Yoko Ono, la hija del océano
Cualquier día morirá, y con ella algunos secretos del Flower power, de los locos sixties y de los Beatles. Quien se esté preguntando qué ha sido de Yoko Ono o qué está haciendo ahora mismo deberá imaginarla sentada en una silla de ruedas, con 92 años cumplidos, con sus globosas gafas y su sombrero de ala ancha, mirando el cielo o escuchando el viento en su finca campestre cercana a Nueva York. Sola, siempre sola.
De la misma forma contemplativa y simbólica que hoy sigue disfrutando del campo, invitaba Yoko a pensar en la naturaleza y en la paz a su gran amor, John Lennon. Lo conoció en 1966, en la en Indica Gallery de Londres de John Dumbar, donde ella estaba montando su exposición Unfinished paintings. Una de sus ‘inacabadas piezas’ representaba una manzana. Lennon le dio un mordisco. Otra de sus obras era una tabla para clavar clavos. Lennon martilleó uno con la imaginación a cambio de cinco imaginarios centavos, y él y Yoko se fueron de la galería para compartir un tripi.
Lennon estaba casado con Cinthia, y tenía un hijo, pero Yoko (también con una hija, del productor Anthony Cox) le enviaba a diario postales con una palabra: Respira, Nubes, Amor. Eran completamente distintos, pero entre ellos fue surgiendo una curiosa amistad. Yoko le hablaba de la música electrónica, del dodecafonismo, de los sonidos naturales, y colaboró en la composición de Revolution. En contrapartida, Lennon compuso a su madre Julia, una canción que habla también de una ocean child (la traducción de Yoko es hija del océano). John dejó a Cynthia, oficializó su noviazgo con Yoko y la llevó a los estudios de Abbey Road para que conociera al resto del grupo.
Mientras McCartney, Harrison, Ringo y él mismo componían, Yoko tejía tapices o se sentaba como un buda sobre los amplificadores. El 20 de marzo de 1969 se casaba con Lennon en Gibraltar. Pasaron la noche de bodas en la misma suite del Rock Hotel donde, gracias a la influencia del embajador Juan Manuel Cabrera, Belén y yo pudimos alojarnos recientemente. De allí fueron a Ámsterdam, para recibir a los periodistas en la cama y protestar así contra la guerra de Vietnam. En 1975 nacería su hijo Sean. En 1980, el 8 de diciembre, a las 22.50 h, al entrar en su domicilio neoyorquino del edificio Dakota, en Central Park, Mark David Chapman disparó cinco tiros contra la espalda de John Lennon. Mientras el músico se desangraba en el suelo, el asesino abrió El guardián entre el centeno para leer unas páginas hasta que llegara la policía.
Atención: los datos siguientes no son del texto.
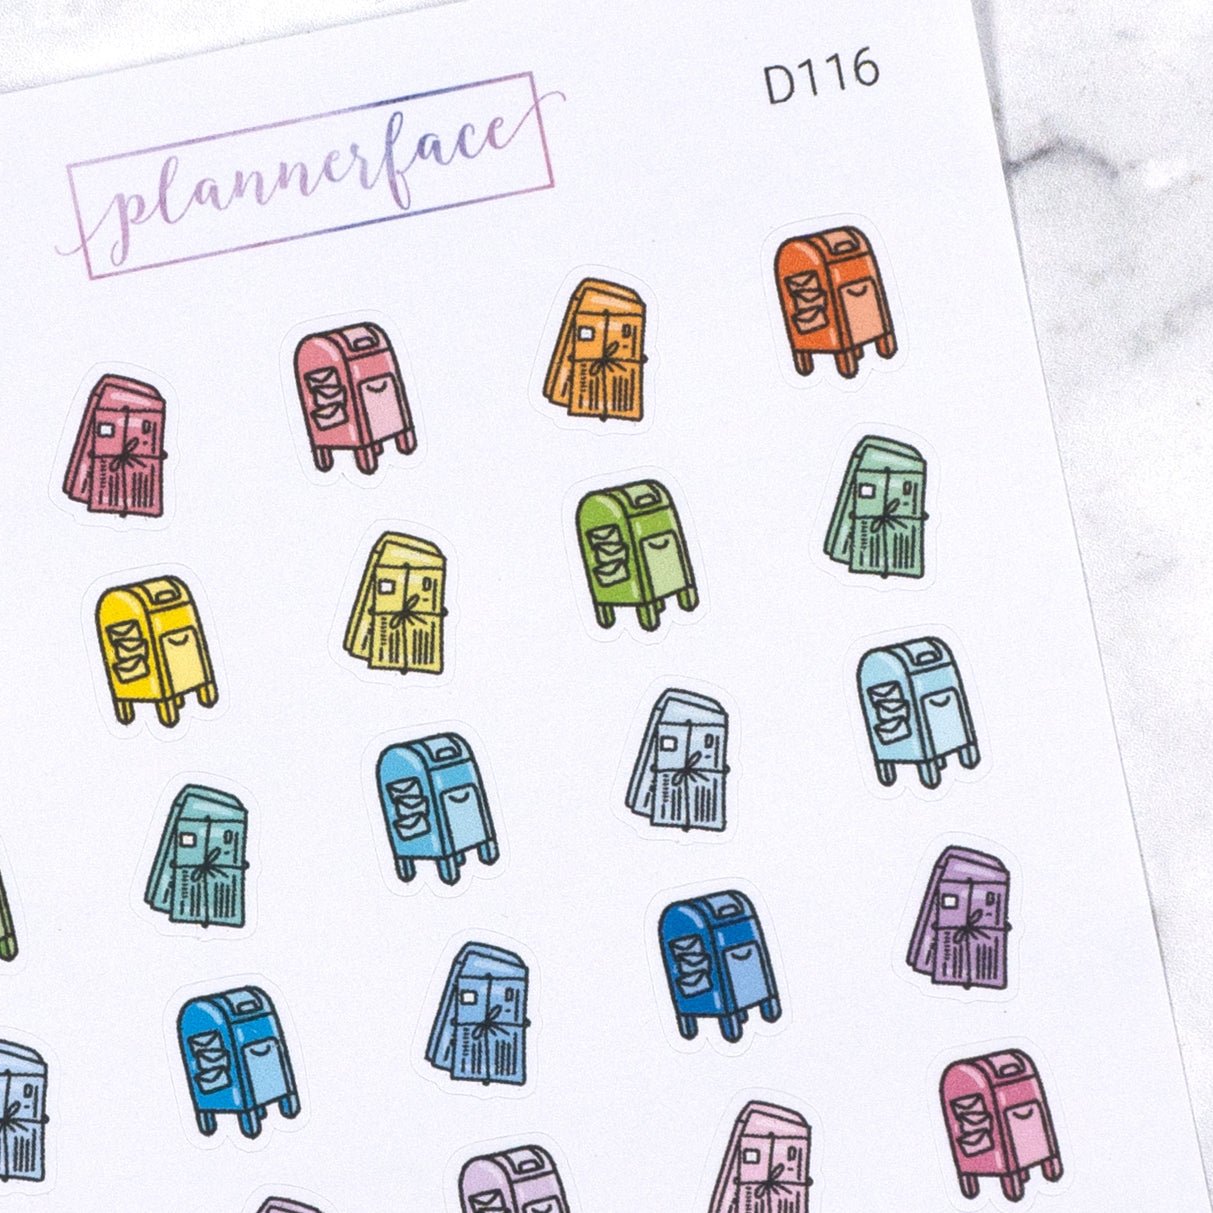 Mail Drop Post Run Multicolour Doodles by Plannerface

Libros Cúpula acaba de lanzar Yoko, unas memorias escritas por David Sheff, amigo personal de la artista. En ellas, Sheff nos cuenta otras muchas cosas sobre la mujer que en Inglaterra fue tildada de bruja. Que una extranjera hubiese arruinado el matrimonio de los Lennon y perturbado el talento de los Beatles (¿llegó, incluso, a separarlos?) con sus aullidos sonoros, arpegios experimentales, desnudos, performances y happenings fue más de lo que muchos críticos y fans pudieron soportar. Todavía hoy, para muchos, está ‘maldita’.
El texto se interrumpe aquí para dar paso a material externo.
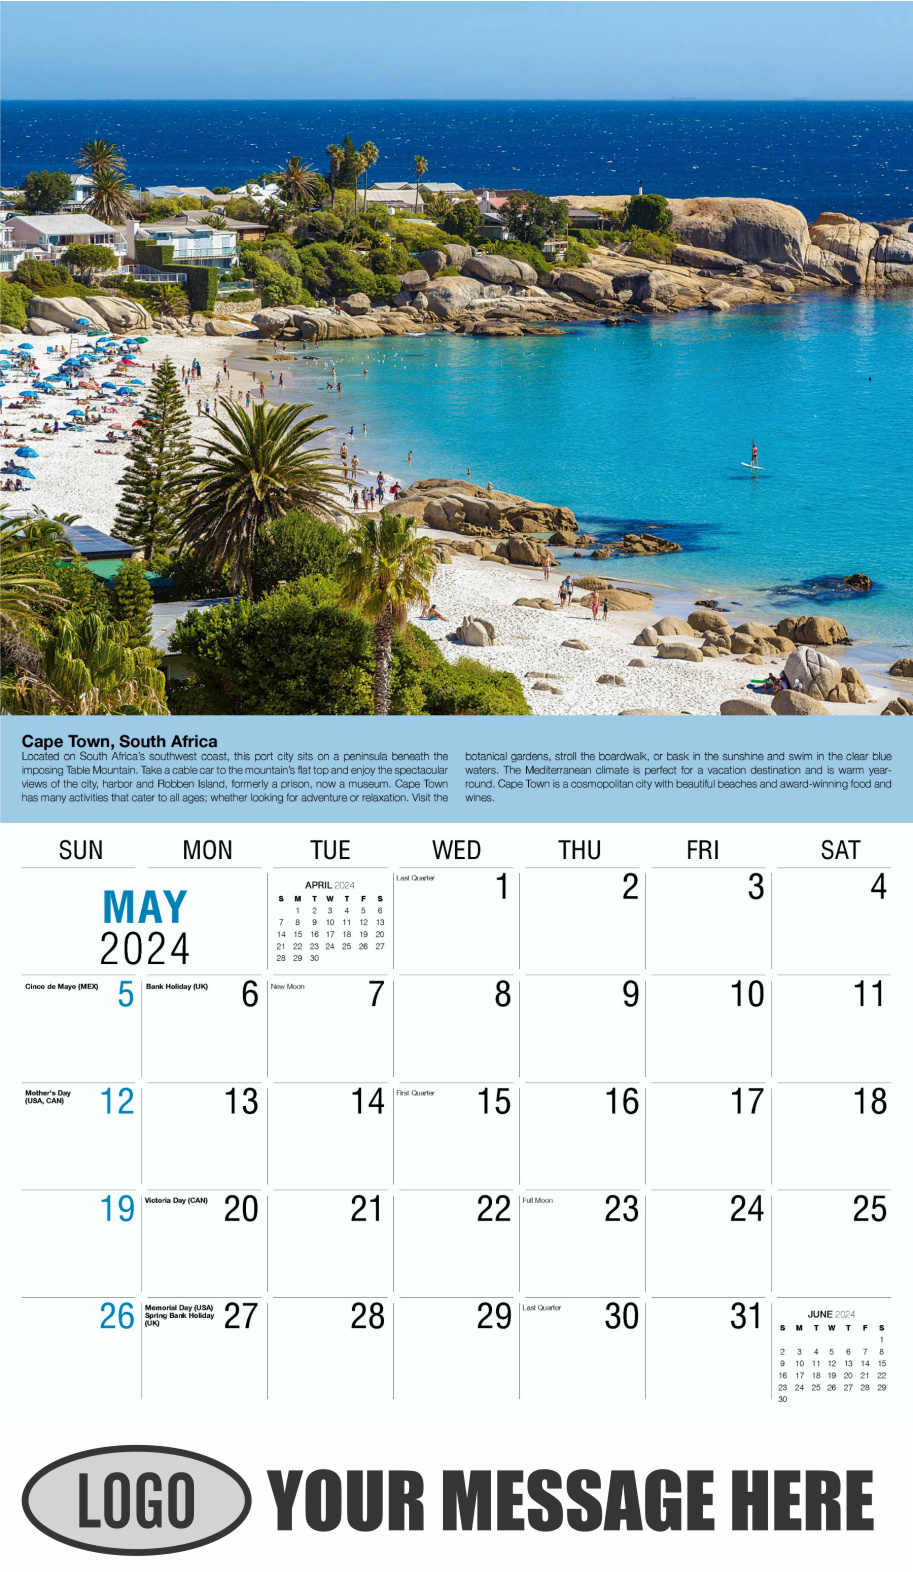 World Travel 2024 Business Advertising Wall Calendar - May

Hija de padres muy ricos, en la élite económica de Japón, Yoko descendía del legendario y poderoso clan Yasuda. Su padre era presidente de un banco. Su abuelo era el dueño. La niña se crio en un palacio, entre lujos, hasta que Tokio fue bombardeado en la II Guerra Mundial.
Era una niña extraña. Nada comunicativa y solitaria, sufriría en su adolescencia problemas tan graves que intentó suicidarse varias veces. Salió adelante gracias a vigilancias y terapias, y al consuelo de su amor por el arte. Su familia emigró a Estados Unidos. A finales de los cincuenta, Yoko era una joven universitaria que frecuentaba Greenwich Village, escuchaba a Miles Davis y tomaba copas con John Cage. Aquella libérrima comuna de artistas y su primer marido, un músico japonés, le animaron a organizar sus primeras exposiciones y conciertos. En uno de los shows aparecía sentada en el escenario con unas grandes tijeras al lado, invitando a los espectadores a que subieran y fueran cortando trozos de su ropa. En sus conciertos aullaba, gemía, pretendía representar con sus guturales gritos las torturas del dolor o los incendios del alma.
¿Genio o bluf? ¿Cenicienta o madrastra? ¿Hechicera o hada? En cualquier caso, una personalidad irrepetible.